I originally posted this article on 3 December 2003 and find it interesting to see what I was working on and excited about. What I find interesting about the article was where my frame of mind was at the time.
Anyway, I digress.
I was working on the IDE. It was both a standalone Java Swing app as well as a plugin for Eclipse. And I needed to parse XML maniuplate it in the event handlers in the IDE and then rewrite it back in a clean format which would be recognied by the framework.
Working with XML at the time was a major pain. There were basically two kinds of XML parsers I could have used: SAX or DOM. SAX would have required me to do parse the doc every time a person made a change, while the DOM parsers were always monkeying around with the end XML in odd ways.
I settled on XML DB to help.
I haven’t updated the text of the article at all. It could be wildly out of date by now, but it was relevant at the time.
Another point I should mention. If you google “XML DB” you will likely find XML DB by Oracle. I’m not talking about that product, but instead the SourceForge library I linked to above.
So, on with the older article.
Now, I’m usually reluctant in talking about what I’m working on at my job, just because I want to make absolutely sure that I’m leaking any kind of information, but I think this new technology that I’ve been working with is something useful that other people may want to consider using. So here goes…
Working with XML files and having to manipulate them is really a pain in the neck. The biggest problem with working with XML files is just that…It is XML, a structured data format, and it is a file.
So the quandry come in when you want to create an application that manipulates the XML file based on the data structures, but you still want to maintain the formatting, whitespace and other structure of the file itself.
Manipulating the XML is a fairly easy task. Throw the information into either a SAX or a DOM structure, and you can then make all the changes you want.
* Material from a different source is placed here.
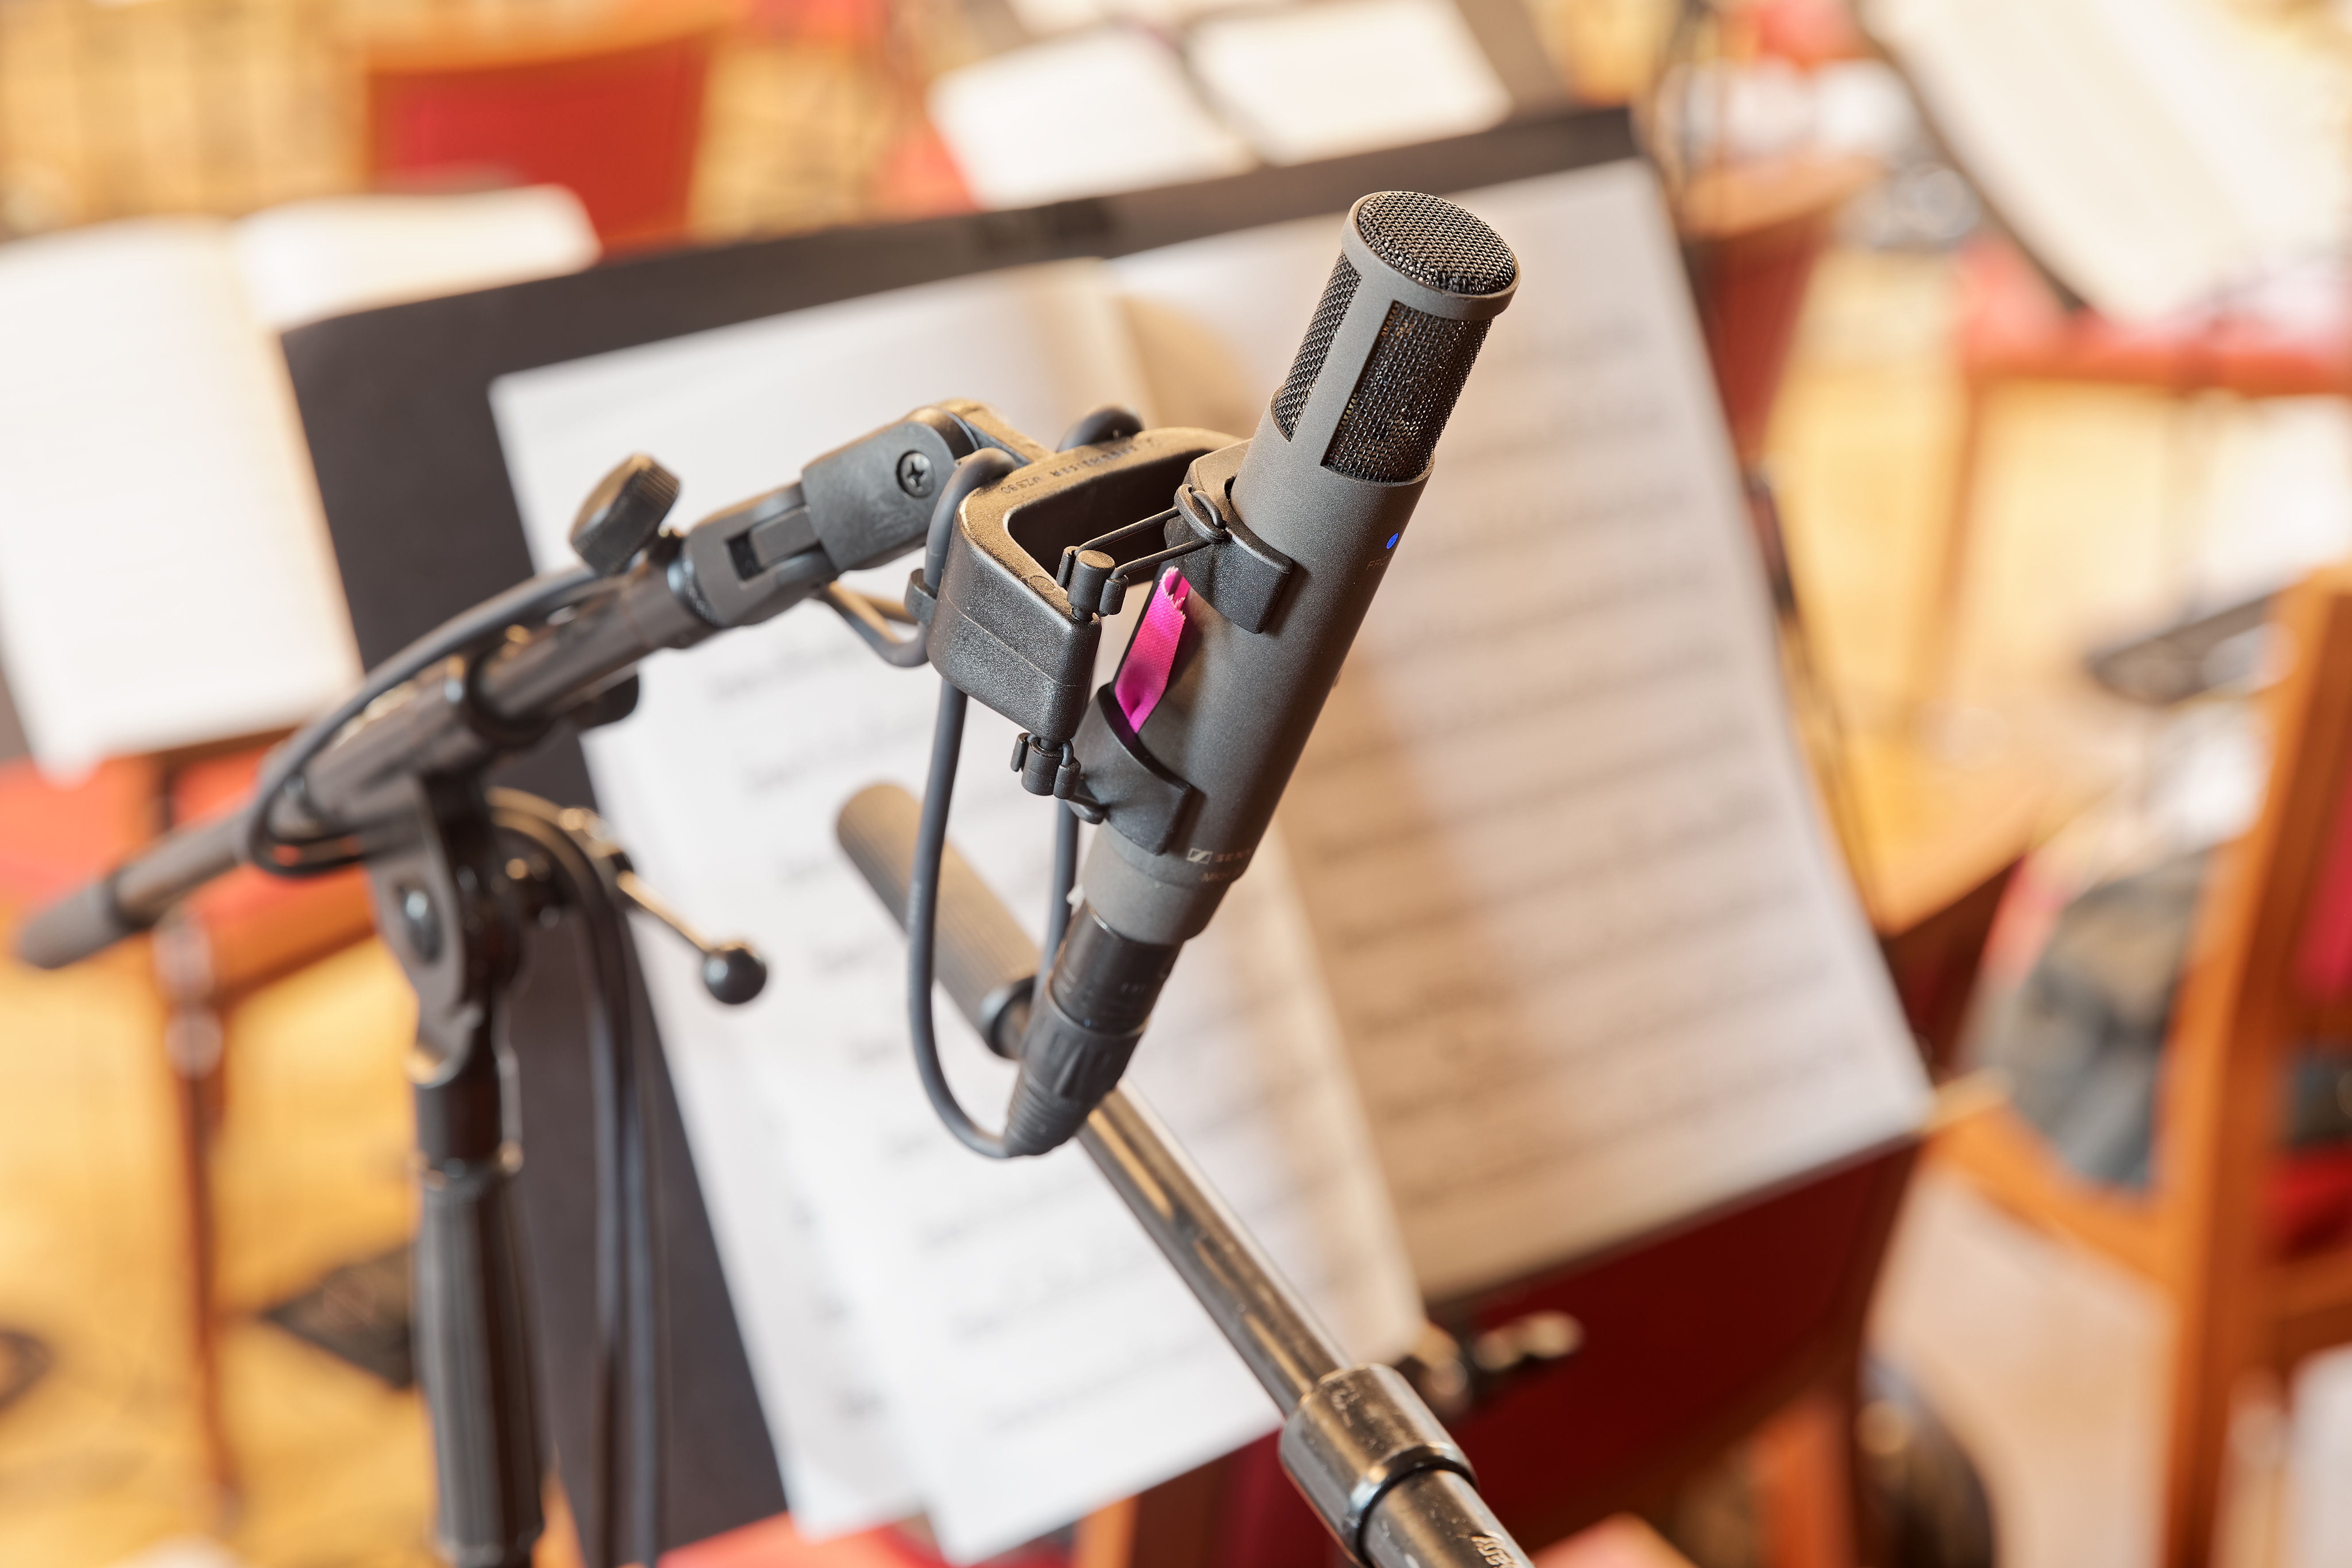 The VR recording will open up new perspectives on the work of an orchestra

However the problem is that now you loose the formatting you used to have when you go back and try and spit out any changes you have made.
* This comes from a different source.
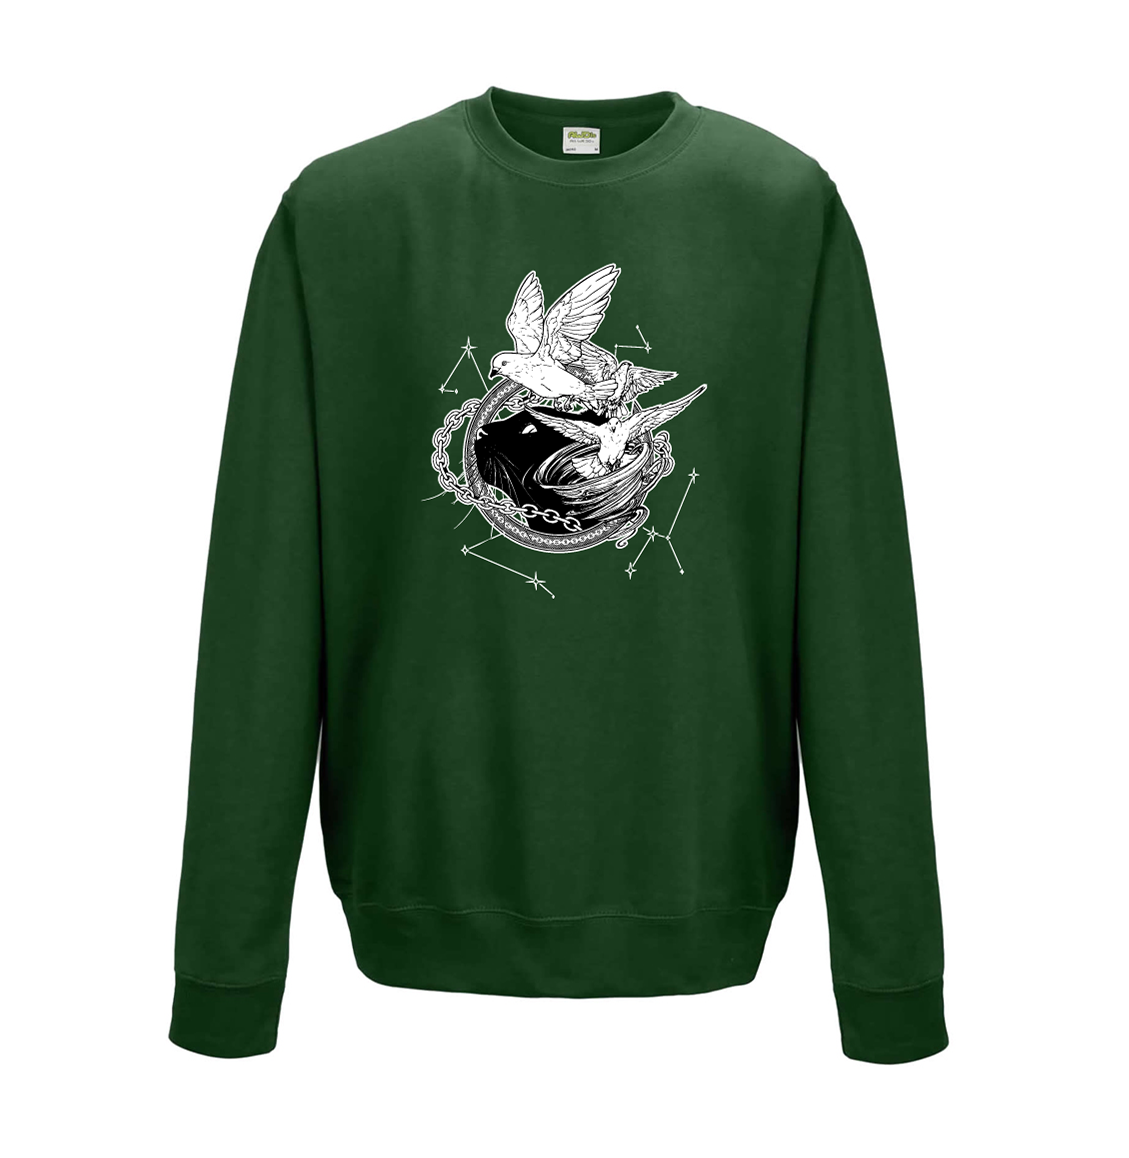 Green sweatshirt with white illustration of Dustspinners, constellations, and chains swirling around Faithful the cat

Going at it from the other way isn’t that much easier either. If you decide that keeping the formatting is the best way to go, then you end up having to parse the file and keep location information on the file for any changes you make. Real pain.
In steps XML DB. Using the XML DB API I can treat an XML file as the data structure that it is, and still maintain the formatting and whitespace that is important for many other applications. What I’ve found really nice about it is that I can query using xpath and update the file as if it were a database. It’s proven to be very useful in the small experiment I’ve applied it on. There was a small but with the implementation I was using, Xindice, but once one of the guys here found the problem, it has been really nice, and has been worth the initial pain.
The best place that I found for the XUpdate syntax are the use cases for XUpdate.
Finally, a couple of notes on the Xindice implementation as it stands today:
When using the embedded Xindice database driver, be sure to turn compression on for the database, otherwise you will experience what appears to be thread issues.
If you execute an update (either insert or append) and you want to make sure the XML is “clean,” then be sure to eliminate all the white space from your insert of update commands. For example, if you want an element that looks like this:
<this id='1' />
then the query should look like
<insert-after select='parent-of-this/'><element name='this'><attrbute name='id'>1</attribute></element></insert-after>
instead of something that looks more like this:
<insert-after select='parent-of-this/'> <element name='this'> <attrbute name='id'>1</attribute> </element> </insert-after>
If you don’t do it this way, then the xml will look something more like the following:
<this id="1"> </this>
Which is, IMHO, ugly.
Also, if you get your selection query wrong, you most likely will see something like a <updateParseTree> node at the end of your file with the contents of whatever it was that you were trying to insert into the document….so be sure to get the select part of any insert or update correct. Deletes are okay because they just delete or not, but if what you are trying to delete doesn’t exist, then it just ignores the delete.
Anyway, I thought that I’d share some of my thoughts about the XML DB and how it has helped me, without going into many details, and still show a couple of the gotchas so that others don’t have to run up against the same problems I did when working with this particular implementation.